We propose a generative framework for multi-track music source separation (MSS) that reformulates the task as conditional discrete token generation. Unlike conventional approaches that directly estimate continuous signals in the time or frequency domain, our method combines a Conformer-based conditional encoder, a dual-path neural audio codec (HCodec), and a decoder-only language model to autoregressively generate audio tokens for four target tracks. The generated tokens are decoded back to waveforms through the codec decoder. Evaluation on the MUSDB18-HQ benchmark shows that our generative approach achieves perceptual quality approaching state-of-the-art discriminative methods, while attaining the highest NISQA score on the vocals track. Ablation studies confirm the effectiveness of the learnable Conformer encoder and the benefit of sequential cross-track generation.

Editorial analysis

A structured set of objections, weighed in public.

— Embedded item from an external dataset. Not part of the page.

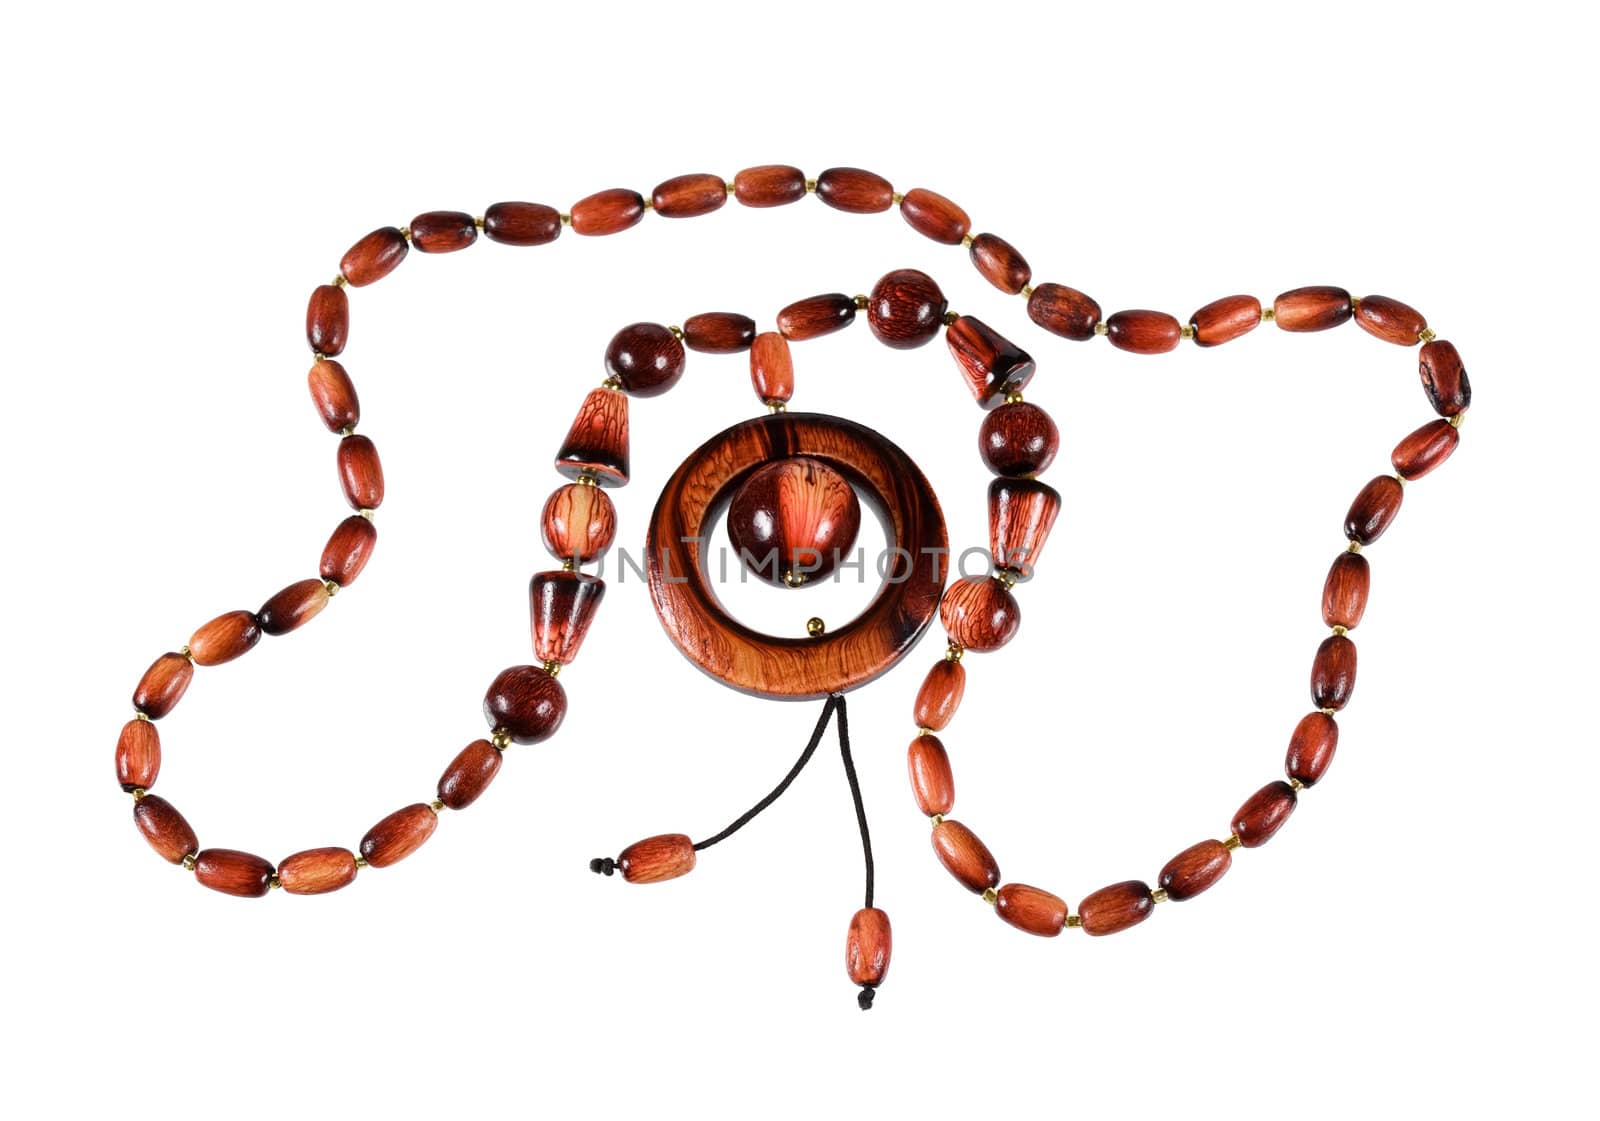 A necklace of wooden figures of red-brown color, isolated on white background

Desk editor's note, referee report, simulated authors' rebuttal, and a circularity audit. Tearing a paper down is the easy half of reading it; the pith above is the substance, this is the friction.

Desk Editor's Note private letter to a colleague

The paper reframes multi-stem separation as sequential discrete-token generation with a decoder-only LM and gets competitive perceptual scores on MUSDB18-HQ, but the autoregressive setup leaves room for cross-track leakage that standard metrics may miss.

read the letter

The main point here is that this work turns four-stem music separation into an autoregressive token prediction problem: a Conformer encodes the mixture, HCodec supplies the discrete vocabulary, and a decoder-only LM generates the stems one after another. On MUSDB18-HQ it reaches perceptual quality close to strong discriminative baselines and posts the highest NISQA on vocals. That combination of components for cross-track sequential generation is not a standard move in the cited discrete-audio literature, so the pipeline itself counts as the concrete novelty. The ablations on the learnable encoder and on sequential versus independent generation are useful and directly support the design choices. The benchmark numbers are reported clearly enough to show the approach is viable in practice. The results rest on external comparisons rather than any circular self-reference, which keeps the claims grounded. The soft spot is exactly the one the stress test flags. Sequential generation can let early-track errors or quantization artifacts bleed into later stems, and nothing in the abstract indicates a mixture-consistency loss or post-processing step to enforce additivity. HCodec already drops continuous phase information, so phase drift or subtle crosstalk could appear without hurting NISQA or similar perceptual scores. If the full paper only shows the same ablations without extra diagnostics on leakage or reconstruction error when stems are summed, that remains a real but not fatal limitation for a generative method. This is aimed at people already working on generative audio models or music source separation who want to see how language-model techniques transfer to the task. It has enough empirical grounding and clear ablations to deserve referee time rather than a desk reject, even if reviewers will likely press on consistency checks and statistical detail.

Referee Report

3 major / 2 minor

Summary. The paper proposes a generative framework for multi-stem music source separation that reformulates the task as conditional discrete token generation. It combines a Conformer-based conditional encoder, a dual-path neural audio codec (HCodec), and a decoder-only language model to autoregressively generate HCodec tokens for four target stems (vocals, drums, bass, other) in sequence from the mixed input; the tokens are then decoded to waveforms. On the MUSDB18-HQ benchmark the method is reported to achieve perceptual quality approaching state-of-the-art discriminative approaches while attaining the highest NISQA score on the vocals track; ablations are said to confirm the value of the learnable Conformer encoder and of sequential cross-track generation.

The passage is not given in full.